Reason and Imagination – Art & Antiques Magazine

Reason and Imagination – Art & Antiques Magazine

“The Hub of the World,” a New Exhibition at New York’s Nicholas Hall, Explores 18th-Century Rome’s Rich Cultural Ferment

By James D. Balestrieri

It’s hard to imagine a time when the Settecento, as the 18th century in Rome is often termed, wasn’t at least an occasional subject of interest to museums and art historians. In the not too distant past, however, the Settecento was viewed with disdain or ignored altogether as a kind of decadent shadow of the Baroque and High Renaissance. “The Hub of the World: Art in Eighteenth-Century Rome,” on view at Nicholas Hall in New York through November 30th, reminds us of this period of disdain and of the individual who was most responsible for revivifying the Settecento—scholar, curator, collector, and artist Anthony Clark (1923–1976)—the centennial of whose birth is being celebrated this year.

Johann Zoffany, Edward Townsend singing the ‘Beggar’s Ballad,’ 1796.
Courtesy of Nicholas Hall and Carlo Orsi.

Clark served as a curator and director at the Minneapolis Institute of Art, then as Curator of European Painting at the Metropolitan Museum, and at last as an independent scholar. He made it his mission to bring the extraordinary vitality of 18th-century Roman culture to the attention of the public. Clark also admired and studied the decorative arts of the Settecento, and a number of outstanding pieces can be seen in the exhibition.

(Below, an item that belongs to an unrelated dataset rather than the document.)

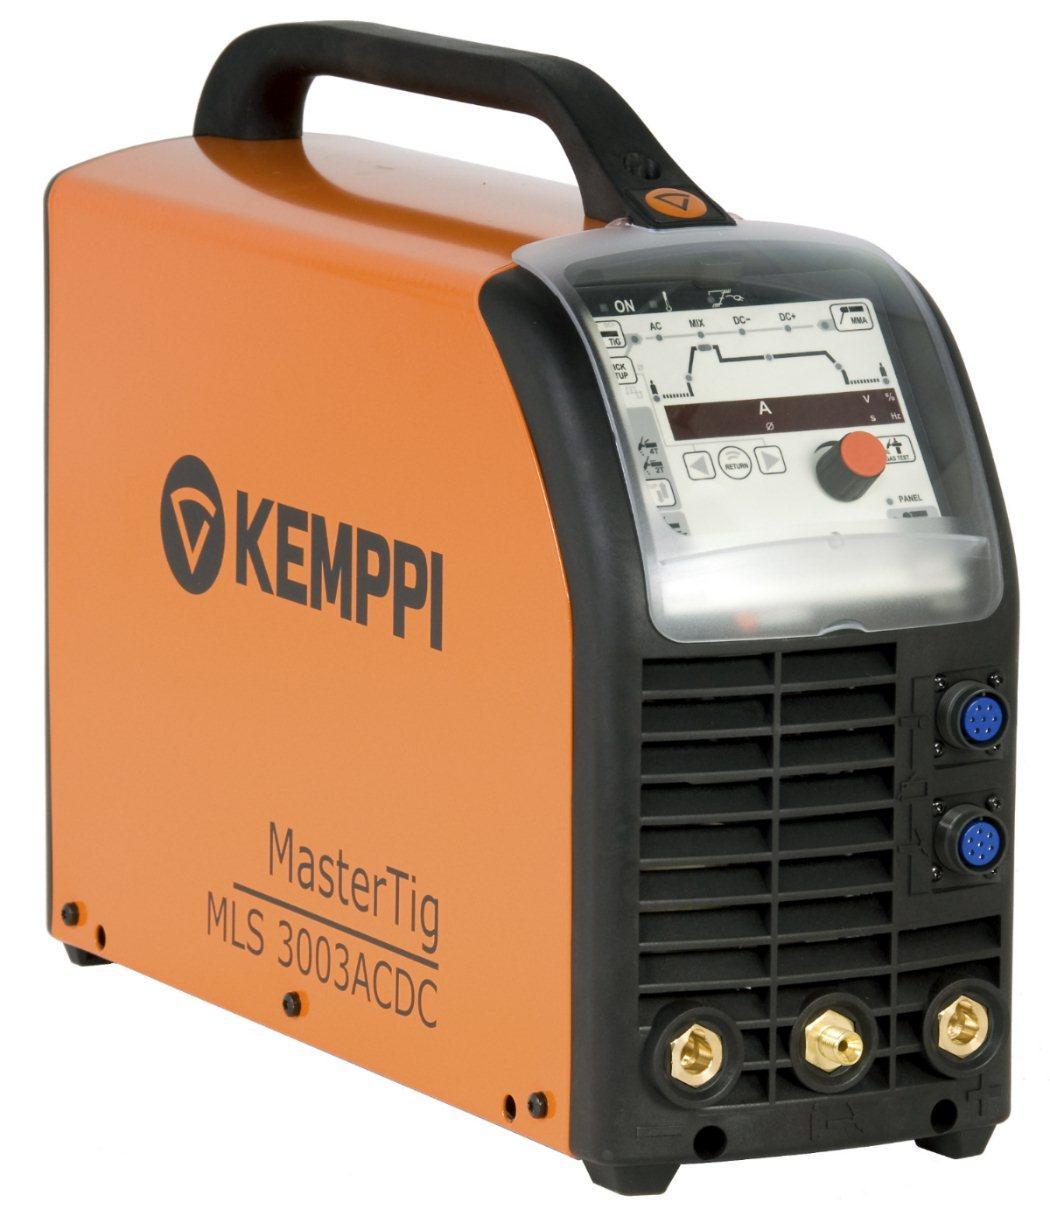 P0968 Kemppi Mastertig 3003 MLS AC/DC Tig Welder With ACX Panel Option. 415V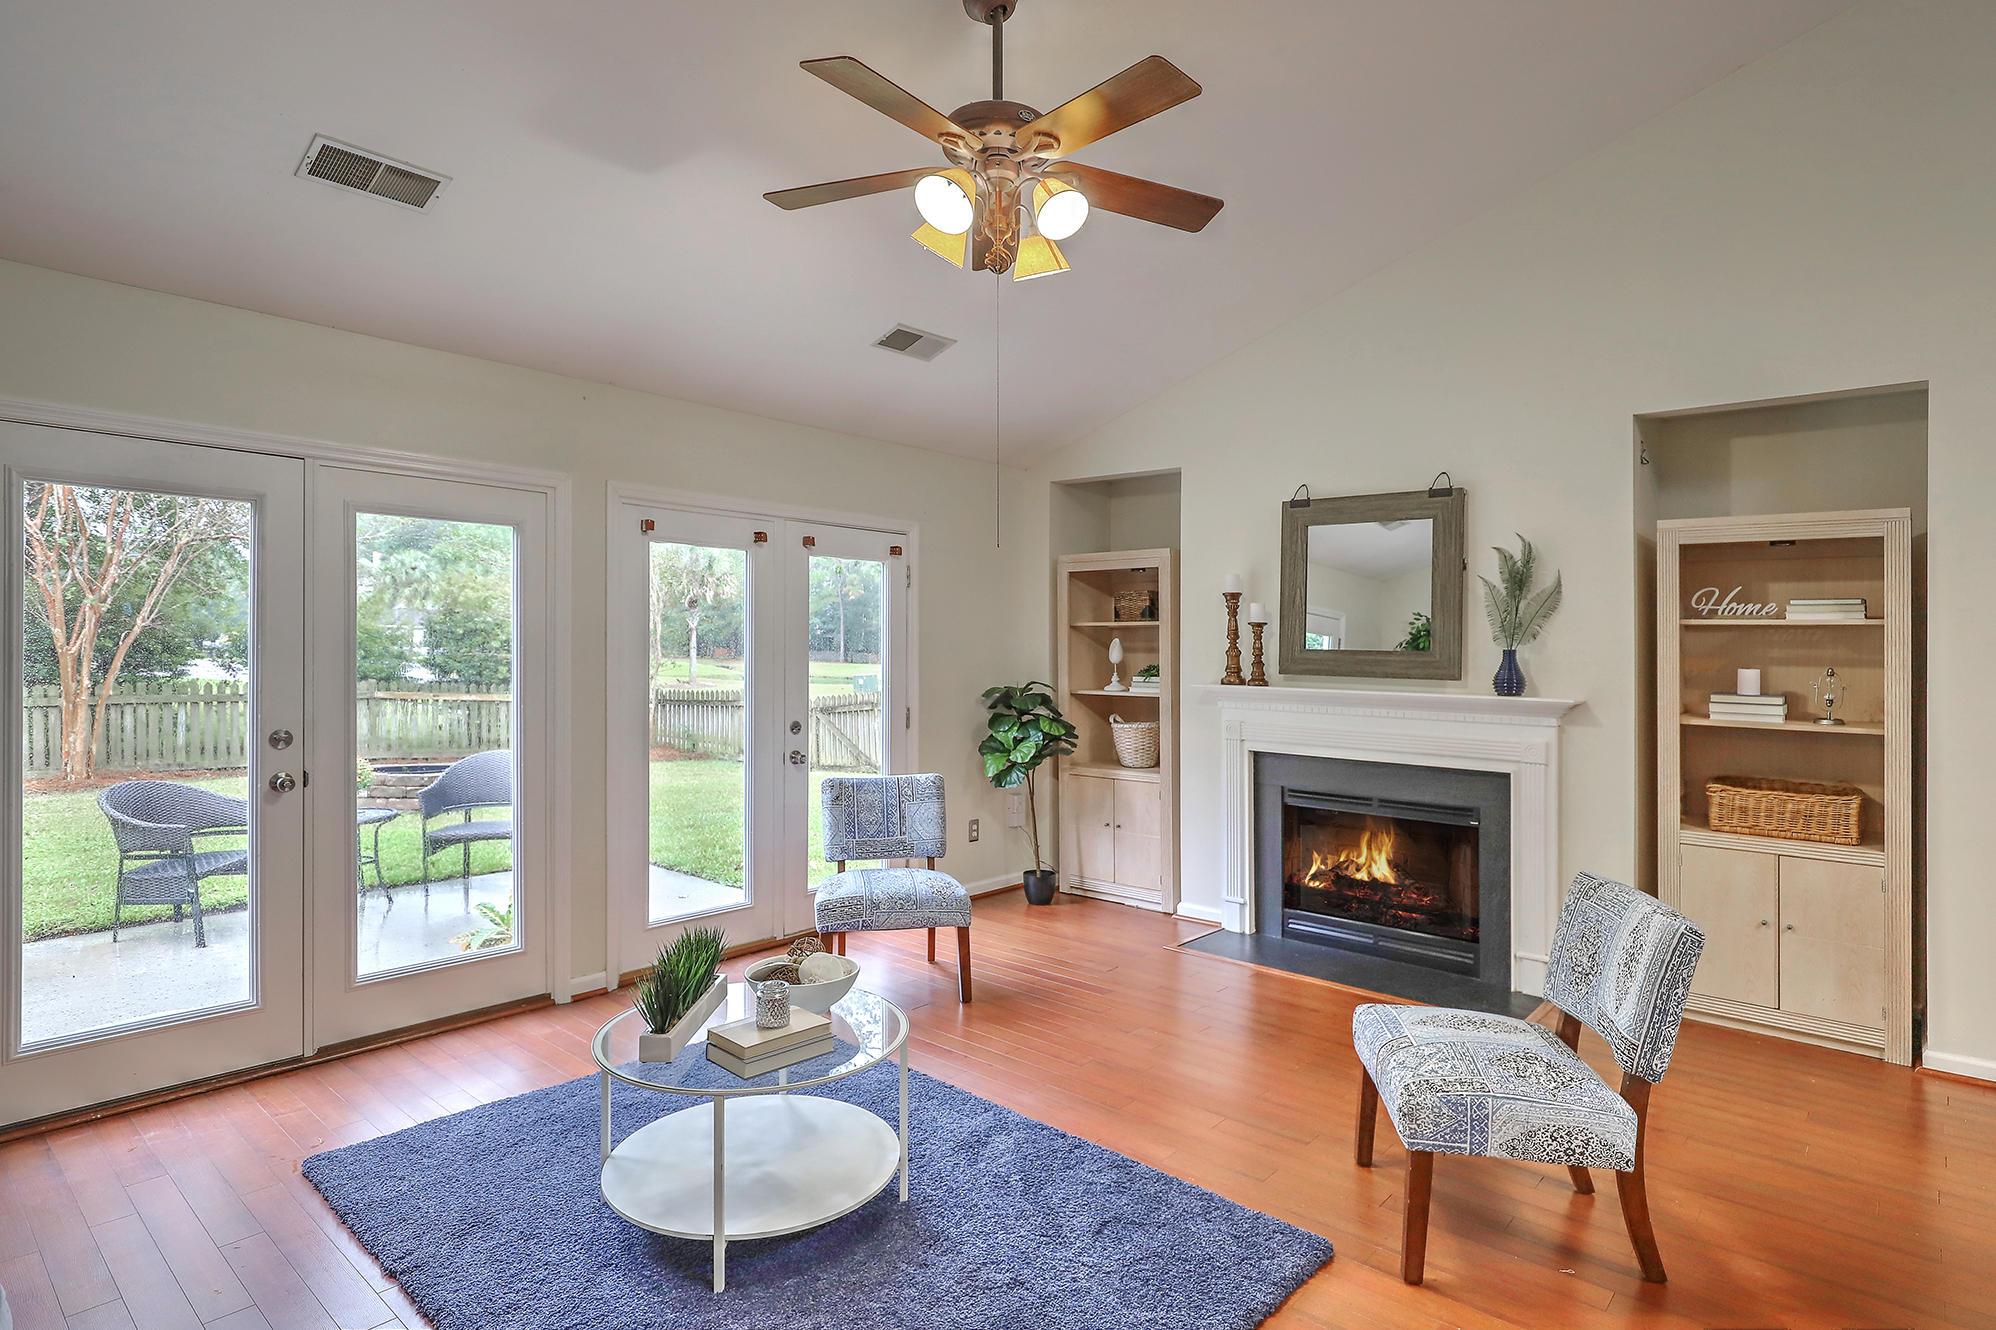 Planters Pointe Homes For Sale - 2951 Loebs, Mount Pleasant, SC - 15

The Settecento, after all, was the century of Piranesi, whose engravings of Rome’s glorious past—recall that excavations at Pompeii began in 1748—are rivaled by others depicting haunting, vaulted mazes and brooding, soaring buttresses that seem to spring from the dark corners of his imagination. It was a century that began in classical order, spawned revolutions and the Enlightenment; it was a century that gave us Samuel Johnson, Benjamin Franklin, Isaac Newton, Casanova, and the Marquis de Sade. Reason, the notion of the universe as a clock and God as a clockmaker, held sway atop subterranean channels of lushness, satire, the advent of dreams, the rediscovery of nature, and dark sensuality. In this tumult, Rome was, as Goethe wrote, “The Hub of the World,” coining the phrase that names the exhibition.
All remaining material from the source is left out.